= James L. Baughman =

American historian

James L. Baughman (January 10, 1952 - March 26, 2016) was an American mass communication historian, and the Fetzer-Bascom Professor in the School of Journalism and Mass Communication at the University of Wisconsin-Madison.

== Early life and education ==

James L. Baughman was born in Warren, Ohio on January 10, 1952, the son of Lewis E. and Ann B. Baughman. Baughman grew up in Warren and attended the Warren City Schools. He was a lifelong and passionate fan of the Cleveland Indians.

Baughman received his BA in history from Harvard University in 1974. He attended graduate school at Columbia University, where he obtained his M.A., M.Phil and Ph.D. degrees, all in history. His doctoral adviser at Columbia was the renowned historian William E. Leuchtenburg.

== Academic career ==

James Baughman taught at the University of Wisconsin-Madison from 1979 until 2016. He served as Director of the School of Journalism and Mass Communication from 2003 to 2009. An exceptionally popular professor with students, he won the Chancellor's Distinguished Teaching Award in 2003. He looked the part of a professor, always wearing a jacket and tie to class. He smoked a pipe and liked to tell funny stories or do impressions of historical figures over a glass of scotch. He believed deeply in the power of the written word. When students or friends experienced major life challenges or traumatic events, he always encouraged them to "write about it."

During his long career at the University of Wisconsin, he authored four books on the history of mass communication in the United States. His 1992 book The Republic of Mass Culture: Journalism, Filmmaking, and Broadcasting in America since 1941 explained how the advent of television transformed mass culture in the United States. Baughman argued that television had a greater impact on its rivals—such as newspapers, radio broadcasters, and the film industry—than it did on society as a whole. As he put it:

"Indeed, the effects [of television] that can be demonstrated are institutional, not social. Some of TV's rivals adjusted quickly to the challenge of the home screen; others showed what in retrospect appears to have been an almost self-destructive indifference. But nearly all came to adopt a common anti-TV strategy. Recognizing television's capture of the mass audience, most began cultivating the subgroup, segments of the audience denoted by such factors as class, education or age."

Baughman's 2007 book Same Time, Same Station: Creating American Television, 1948-1961 described how the American television industry became fixated on commercial advertising and high ratings. As he explained:

"Commercial television gradually stopped caring. In the late 1960s, Congress reluctantly created the Public Broadcasting Service. Over time, PBS relieved the networks of the cultural production attempted a decade earlier. It also marked the beginning of a segregation, cemented by the diffusion of cable television in the 1980s, of taste. The networks felt increasingly free to drop programming intended to please cultural and political elites."

Reviewing the book in the April 30, 2007 issue of The New Yorker, Nicholas Lemann observed:
"As the television audience grew larger and took in people from small towns and the middle of the country, it became obvious that Americans wanted predictable, familiar entertainment, featuring, as Baughman astutely observes, stock situations and stars who had unusually expressive faces that lent themselves to cartoonish mugging shown in closeup. The results were often terrific, but never uplifting."

But Baughman harbored no pretensions of cultural superiority. As he noted in the introduction to Same Time, Same Station, "I will confess to consuming much more ESPN than C-SPAN."

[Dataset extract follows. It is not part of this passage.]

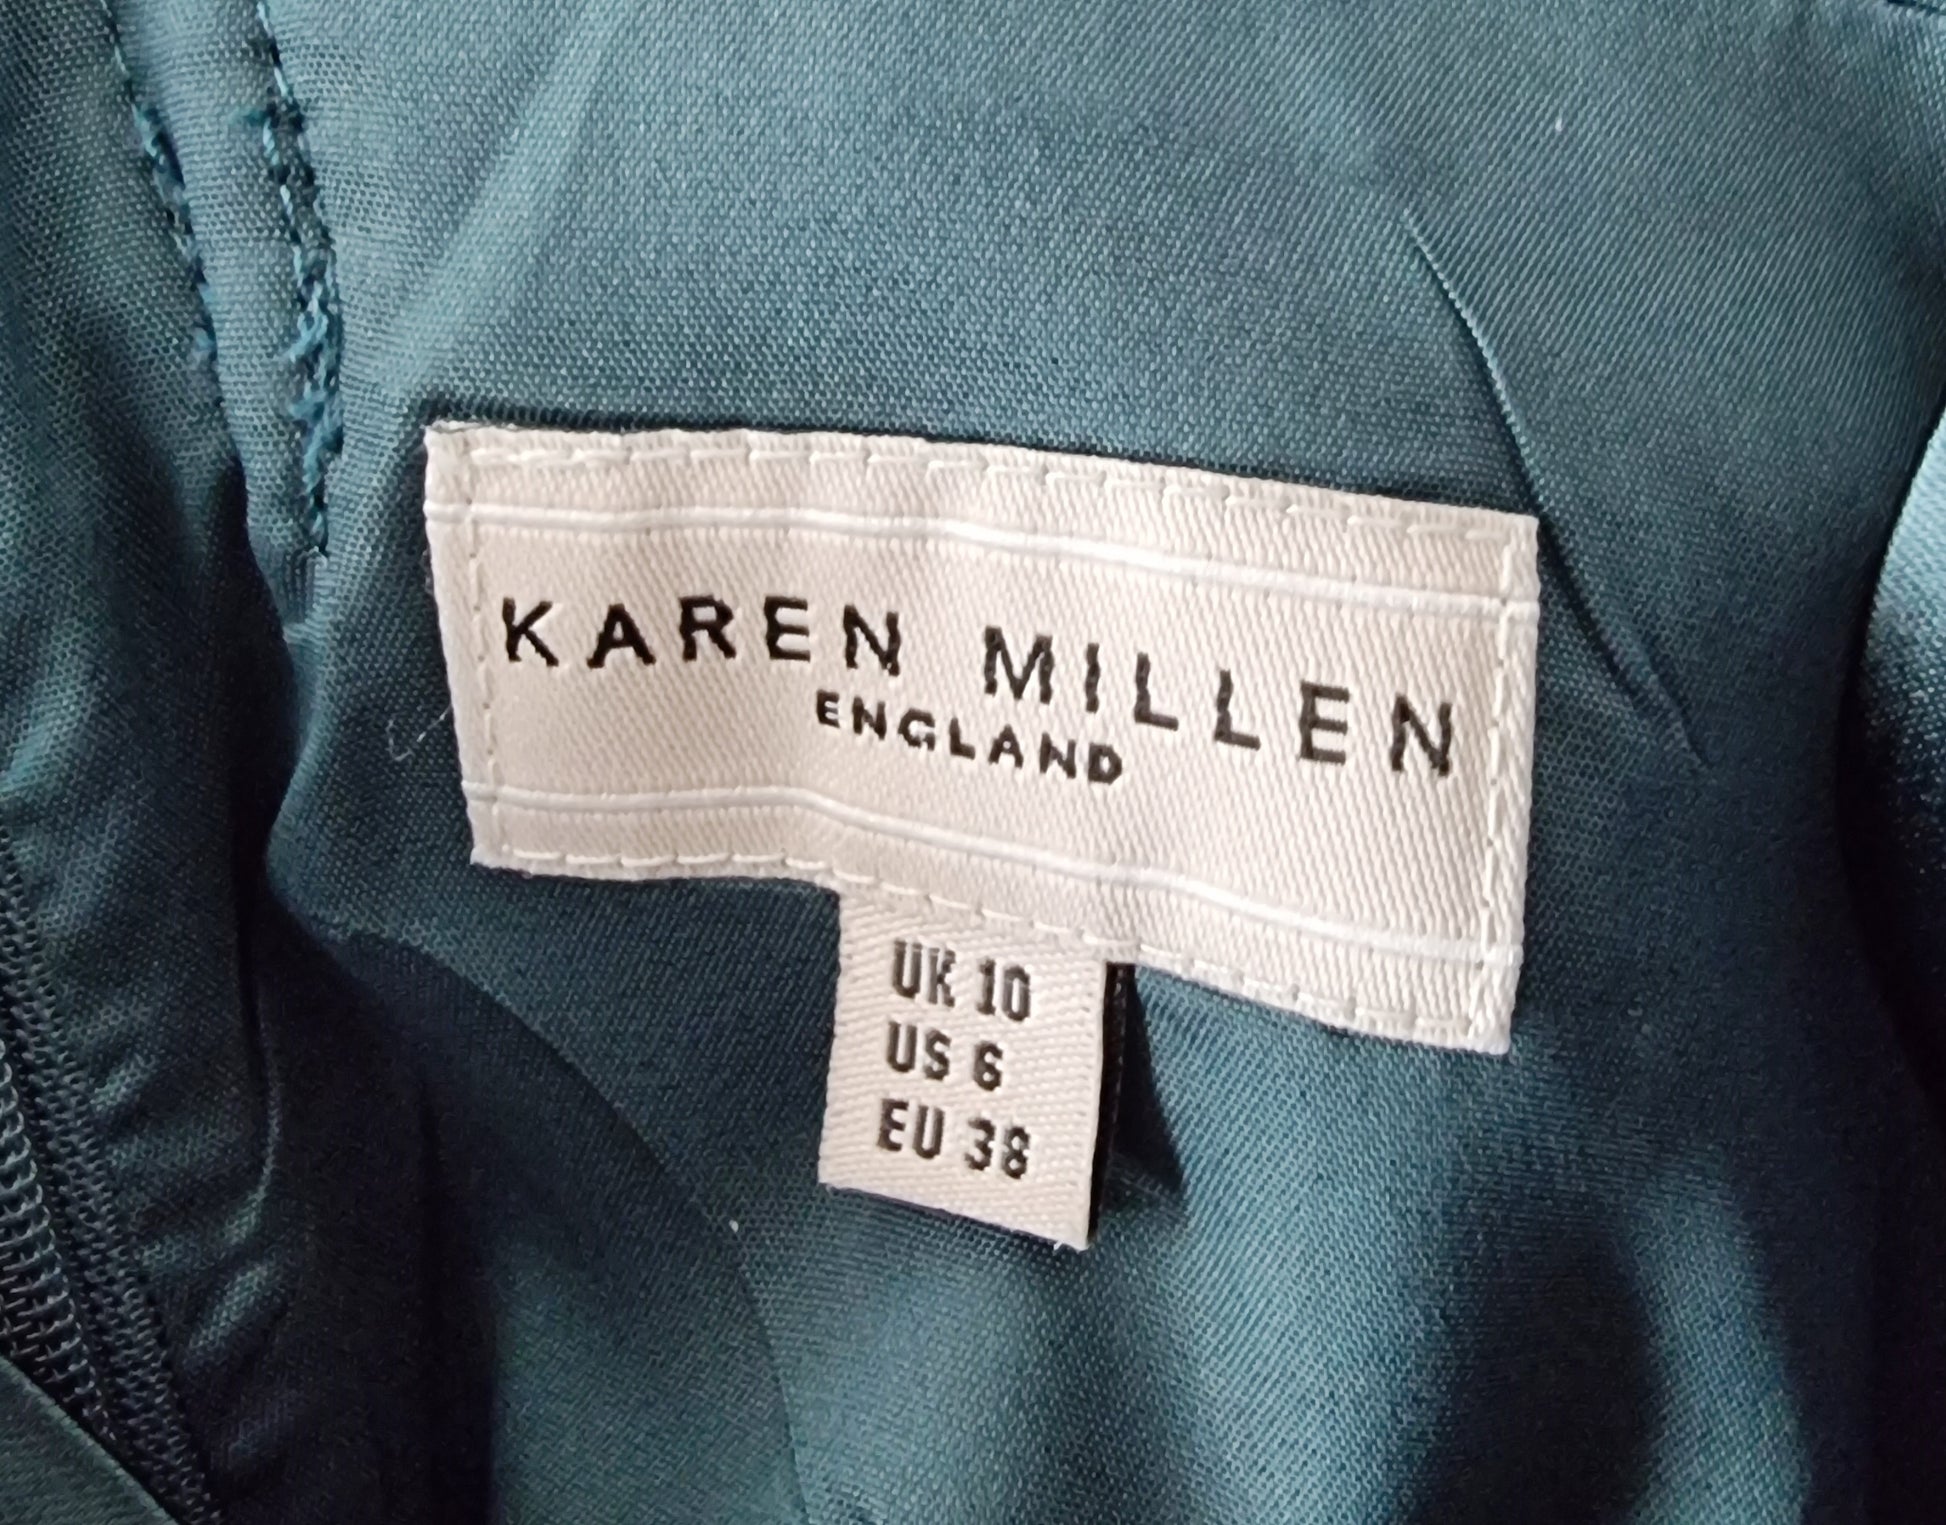 Karen Millen Emerald Green Satin Look Occasion Dress UK 10 US 6 EU 36 Timeless Fashions
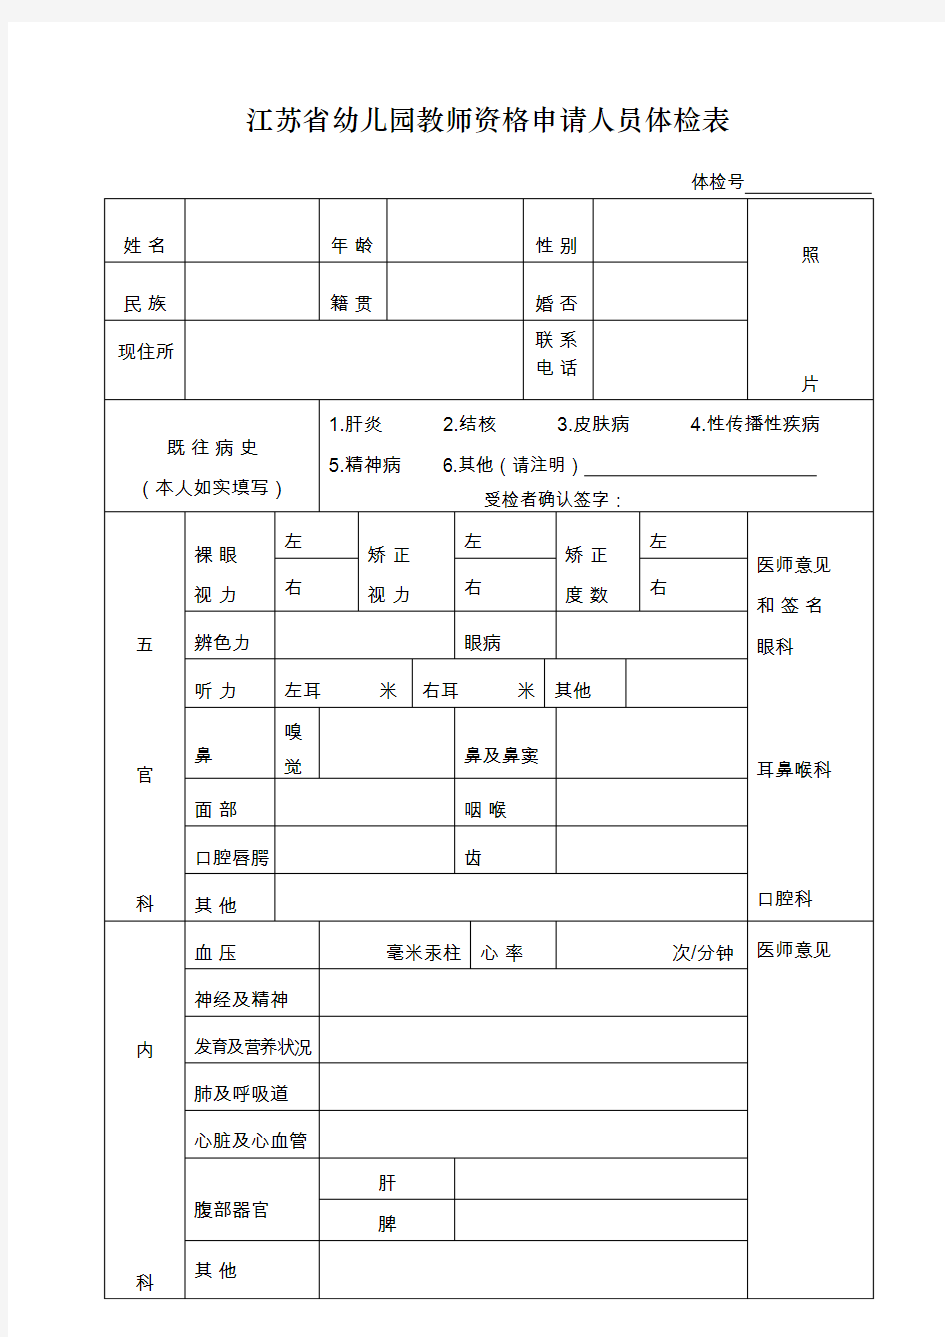 江苏幼儿园教师资格申请人员体检表

In addition to his academic career, Baughman served as a member of the Wisconsin Advisory Committee to the United States Commission on Civil Rights from 1985 to 1992.

== James Baughman Day ==

Baughman died of lung cancer on March 26, 2016. He was survived by his wife and best friend, Michele "Mickey" Michuda.

He continued teaching until two weeks before he succumbed to cancer. Shortly before Baughman died, Madison Mayor Paul Soglin declared March 26 James Baughman Day for "the love and intellectual passion he has inspired in his current and former students, and for his contributions to scholarship, history, journalism and education." On the day Baughman died, the University of Wisconsin School of Journalism and Mass Communication announced: "The journalism school lost a lion this morning."

== Selected publications ==
- Television's Guardians: The FCC and the Politics of Programming, 1958-1967. Knoxville: University of Tennessee Press, 1985.
- Henry R. Luce and the Rise of the American News Media. Boston: Twayne Publishers, 1987.
- The Republic of Mass Culture: Journalism, Filmmaking, and Broadcasting in America since 1941. Baltimore: Johns Hopkins University Press, 1992.
- Same Time, Same Station: Creating American Television, 1948-1961. Baltimore: Johns Hopkins University Press, 2007.